Мокрая фигура скользнула вперед и положила книгу между его ног. В ужасе от того, что может узнать ее лицо, Билл зажмурил глаза и не открывал их до тех пор, пока запах ила и речной воды не выветрился из комнаты.


Когда Молли утром ворвалась в комнату, чтобы собрать сведения нового дня, Билл Мессинджер сообразил, что ночной визит мог произойти только во сне. Вокруг был хорошо знакомый, предсказуемый мир; созерцание каждого дюйма комнаты приносило непомерное облегчение. Билл осмотрел свою кровать, небольшое гнездо с мониторами, готовыми к тому, чтобы к ним обратились в экстренном случае, телевизор и дистанционный пульт управления, дверь в просторную ванную комнату и дверь в холл, как всегда, полуоткрытую. В противоположной стороне комнаты было окно с задернутой для крепкого ночного сна занавеской. Но прежде всего — Молли, Принцип Реальности, воплощенный в женщине, источавшей насыщенный аромат горящих могил. Молли пыталась перекрыть ему кровообращение с помощью тонометра. Толщина и мощь предплечий Молли наводила на мысль, что собственное давление она измеряет с помощью каких-то других приборов, возможно, парового манометра. Белки ее глаз поблескивали розоватым, что на мгновение заставило Билла допустить дикое, невероятное предположение, не балуется ли беспощадная ночная сестра марихуаной.

— У вас все хорошо, мистер Почтальон, — сказала она. — Отличные успехи.

— Рад это слышать, — ответил Билл. — Как вы думаете, когда я смогу отправиться домой?

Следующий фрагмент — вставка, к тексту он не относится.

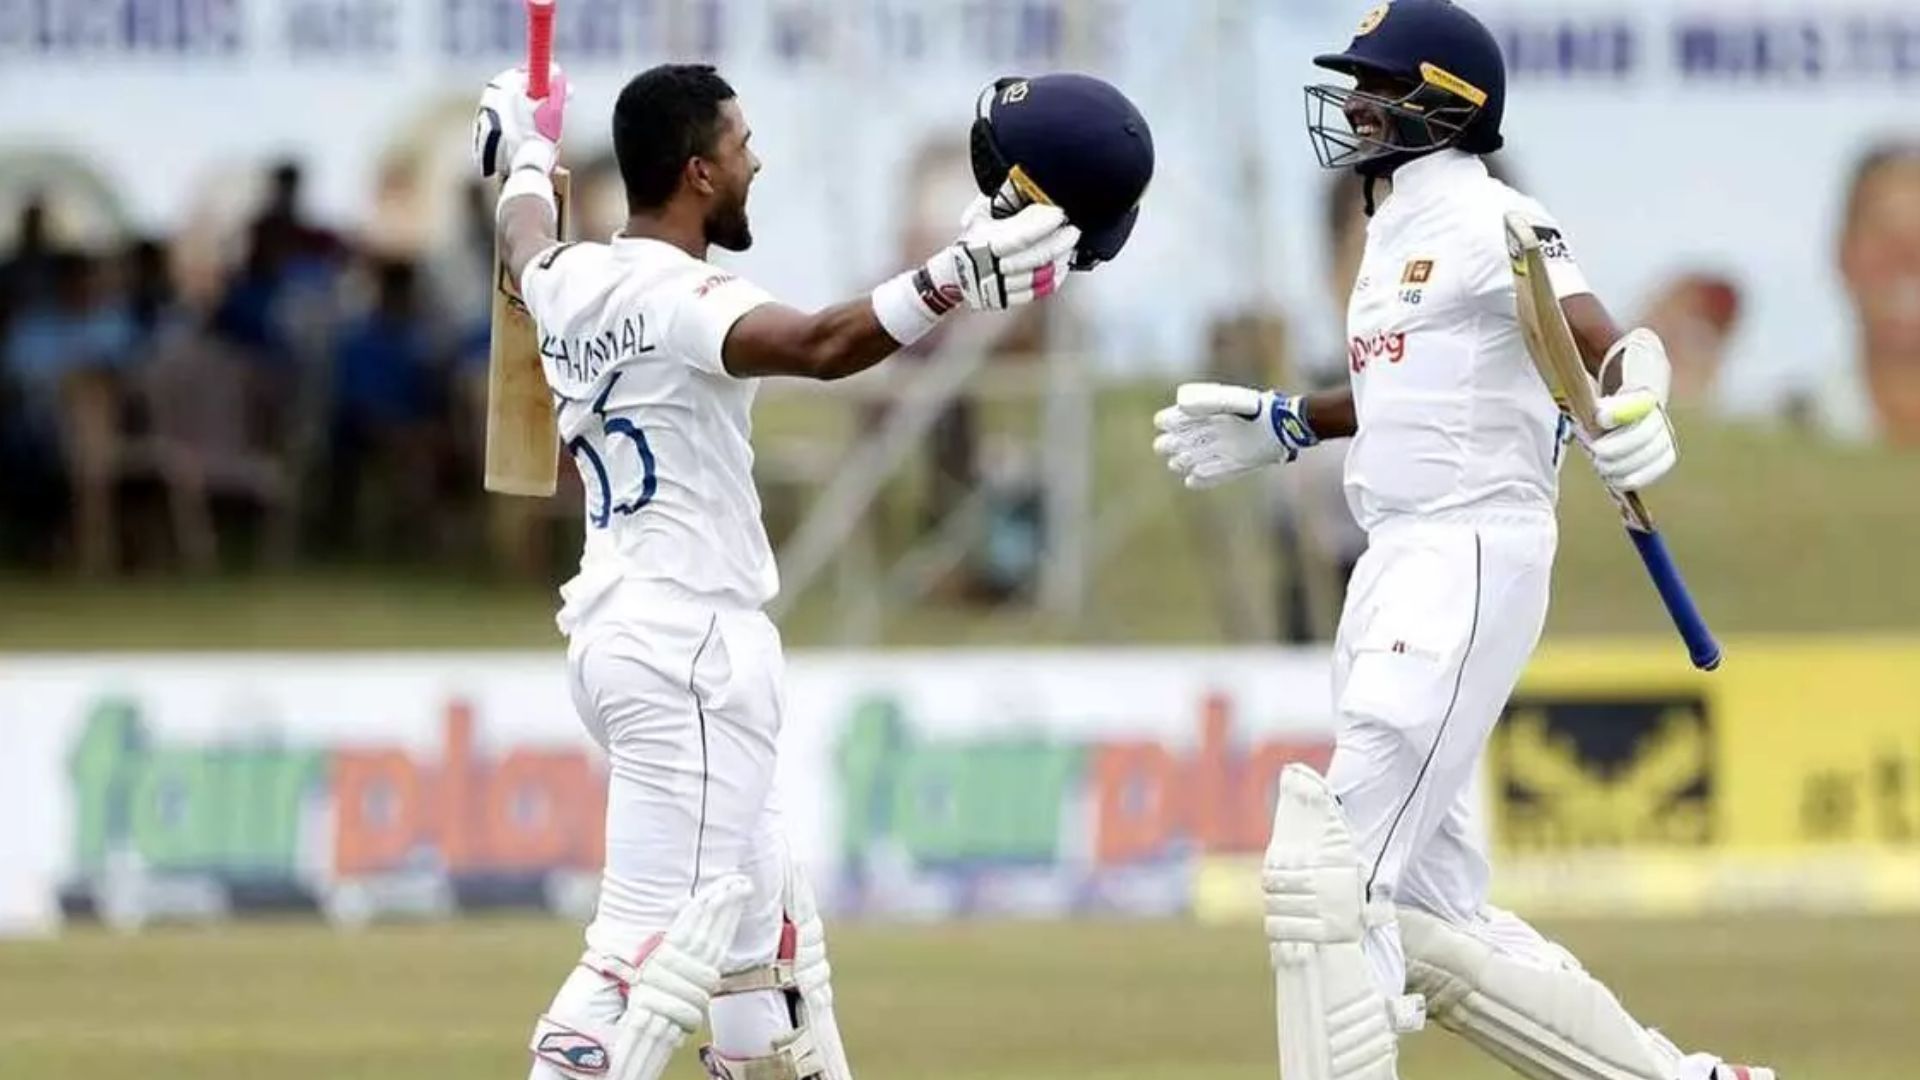 Dinesh Chandimal scored a memorable double-hundred to help Sri Lanka beat Australia in what was a much-needed pick-me-up for the entire nation.

— Это решают врачи, а не я. Спрашивайте их. — Из кармана, спрятанного под фестонами и кошельками, она извлекла белый бумажный стаканчик, наполовину заполненный таблетками и капсулами разнообразных размеров и расцветок, и сунула его в руки Биллу. — Утренние лекарства. Будьте паинькой и проглотите их. — В другой руке она держала пластиковую бутылочку воды «Польский источник», происхождение которой напомнило Мессинджеру слова Чиппи Трэйнора о штате Мэн. Густые леса, дороги без названий…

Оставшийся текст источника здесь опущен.